The Ugly Duckling

May 26, 2018

I don't think most people know what the story really says.


Hans Christian Andersen is just messed up. Any actual story that I've read by Hans Christian Andersen (like the original story of "The Ugly Duckling") is just wrong. There was something wrong with the man. Everybody in his worlds is just horrible, horrible people (or animals in this case), except for the main character who's the best ever, and there's no middle ground. We're all saints or devils.

So most people know the general outline of the story of the ugly duckling. A duckling is born, it's super ugly, and it turns out it's a swan. This adaptation is probably fairly accurate to the original (except as wordy as this adaptation is, Hans Christian Andersen is a quite a bit wordier). The last five or so pages of the long book are where he finds out he's a swan. The rest of is just this poor cygnet going through horrific trials. It takes five pages for him to get born in the first place, and everybody mocks him, going so far as to bite and kick him, basically beating him up until he runs away. Then he's made fun of by a bunch of ducks. Some ganders come, and they get killed by hunters. The cygnet almost gets taken away by their dog, but he ends up in a farmhouse with a woman who's got a chicken and a cat. But he doesn't lay any eggs, so they make fun of him because he's not useful. Then he runs away again, and it's wintertime and he almost freezes to death, and gets taken in by a farmer and then escapes... An actual sentence from the book: "It would be too sad to tell of the loneliness and misery the duckling had to endure that long, hard winter as he sat out in the swamp among the reeds." As opposed to the horrible company of any other character in this book? Apparently the rest of the depressing book wasn't considered "too sad."

When he sees some swans early in the book, it says, "A flock of birds came out of the bushes. They were dazzling white, with long, limber necks. The duckling had never seen anything so beautiful.... He did not know their names or where they were flying to, but he loved them more than he had ever loved anyone before." When they return in the spring, he says, "I will fly over to those royal birds, and they will beat me because I, who am so ugly, dare to come near them. Still, it is better to be killed by them than to be bitten by the ducks, pecked at by the chickens, kicked by the girl who takes care of the duck yard, and suffer the hardships of winter!" And then he goes over to them and literally says, "Kill me!" before he discovers that he's a swan. And then all kinds of people come by and go, "Oh there's a new swan in the swan pond, oh my god!" And the last sentence is, "He fluffed his feathers, lifted his slender neck, and from his heart there came a cry of total joy and contentment."

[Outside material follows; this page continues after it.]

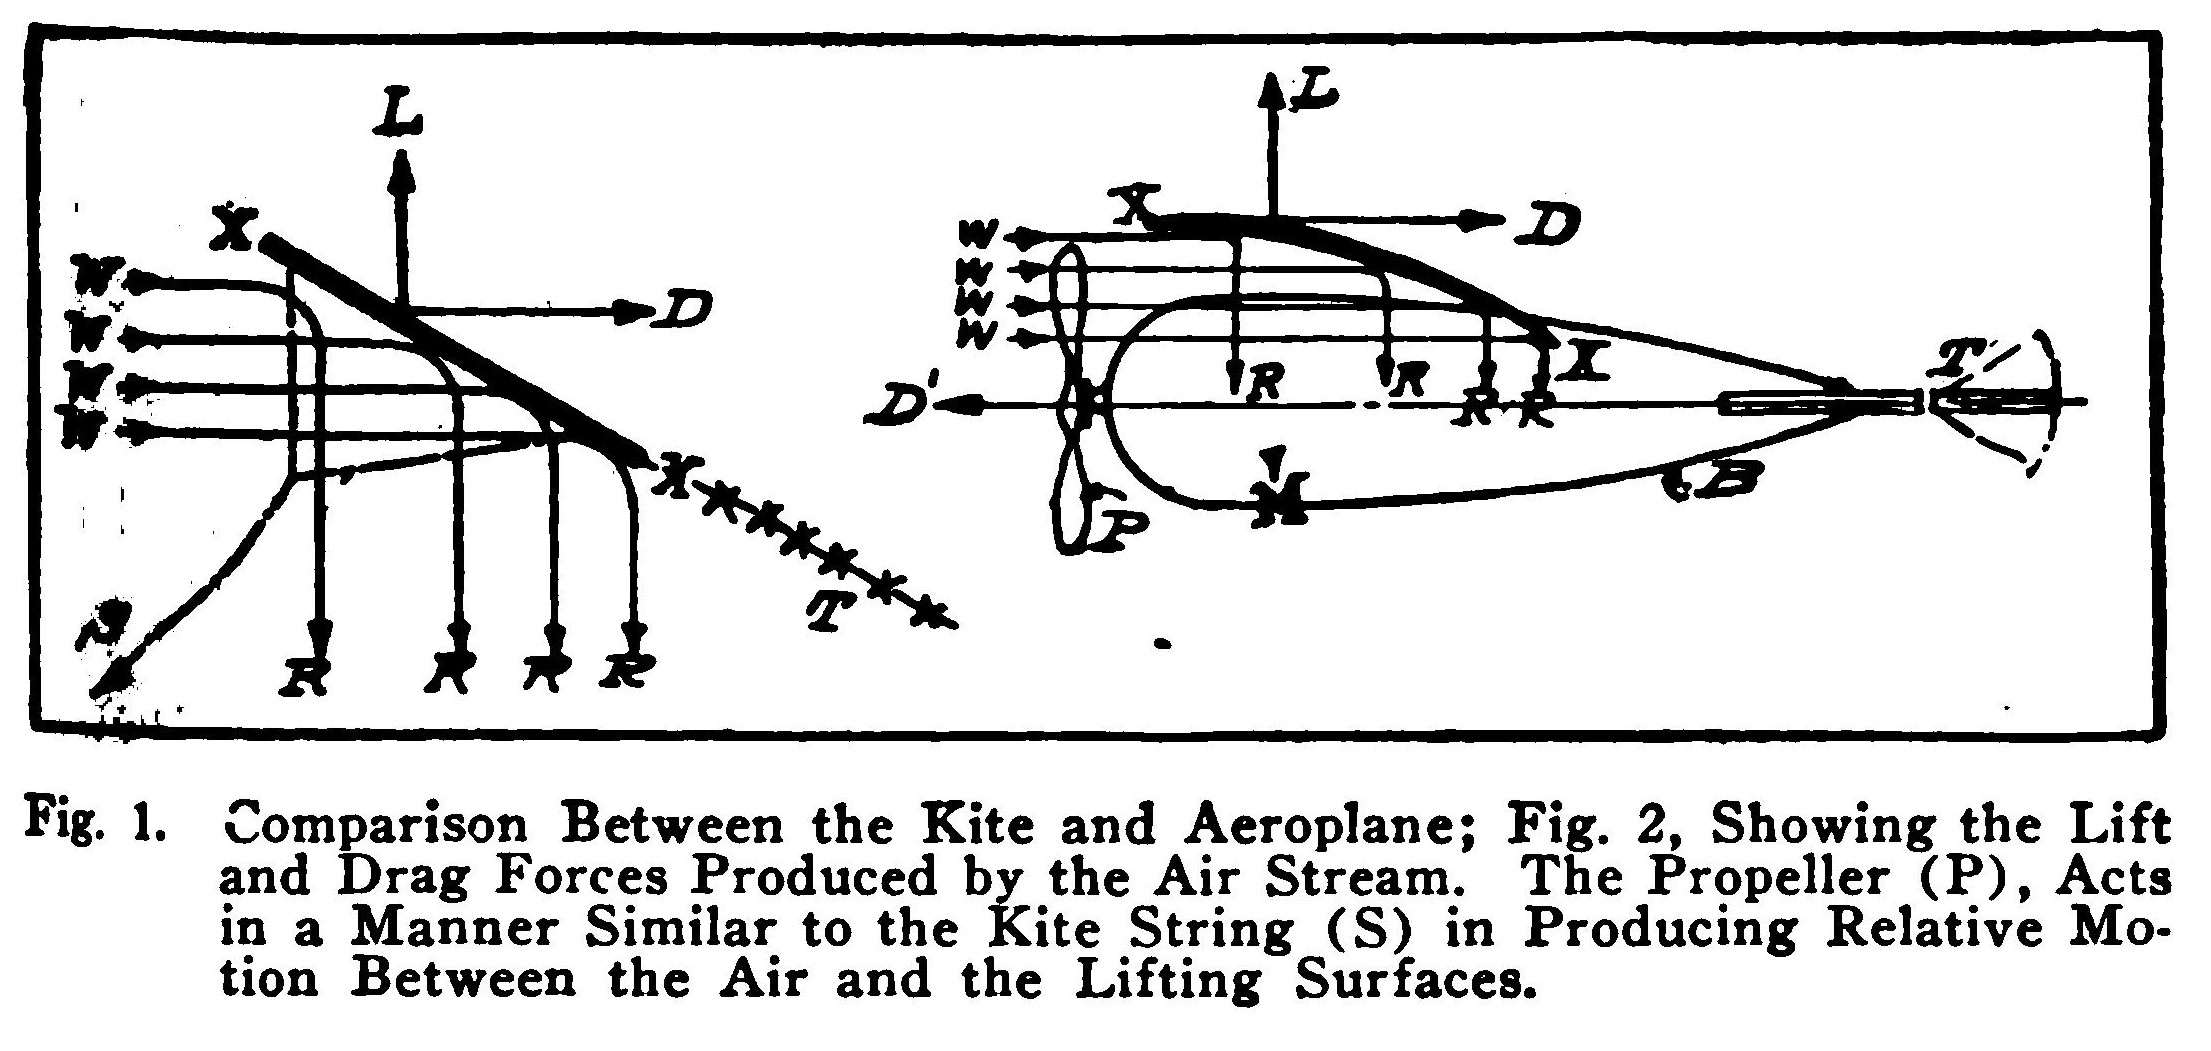 Fig. 1. Comparison Between the Kite and Aeroplane; Fig. 2, Showing the Lift and Drag Forces Produced by the Air Stream.

I really wish there was a story this famous that was not this blatantly about appearances. You can say it's a product of its time, but never once does it say that the characters who are mistreating the ugly duckling are wrong. The way that it has come into our popular consciousness does not include physically abusing ugly people.

The message is not, "It's okay to be ugly." The message is not, "Treat everybody kindly regardless of their looks." No, the message is, "Things which look ugly now will turn out to be pretty later." That's the best you can get out of this. I think people assume the story says something about true beauty being on the inside, but that's not in this book.

Who gets to decide what's beautiful? Because I would imagine that swans find cygnets beautiful. It's just that he's in the wrong company for his beauty to be recognized. Why do humans even think swans are pretty, and why does the ugly duckling give a fig whether humans think he's pretty?

It's clearly supposed to be a metaphor for something, but I'm not 100% sure what. I don't think I've ever really understood the moral of (or interest in) in the pop-culture version of the story.

There needs to be a version of this story where people stand up for the ugly duckling, or he stands up for himself, before he becomes a swan. Or he doesn't turn into a swan and he's just actually an ugly duck, and it's okay. It's okay to be ugly. I'm not saying that I'm like the most attractive person in the universe, but I'm fairly symmetrical. But there are children who are not pretty. There are children with physical disfigurements and their lives are more difficult because of that. For anybody with a physical disfigurement, their life is more difficult because they are not conventionally attractive. And this book does nothing for that. You kind of expect it to, but the story just ends up uglier than any duckling could ever be.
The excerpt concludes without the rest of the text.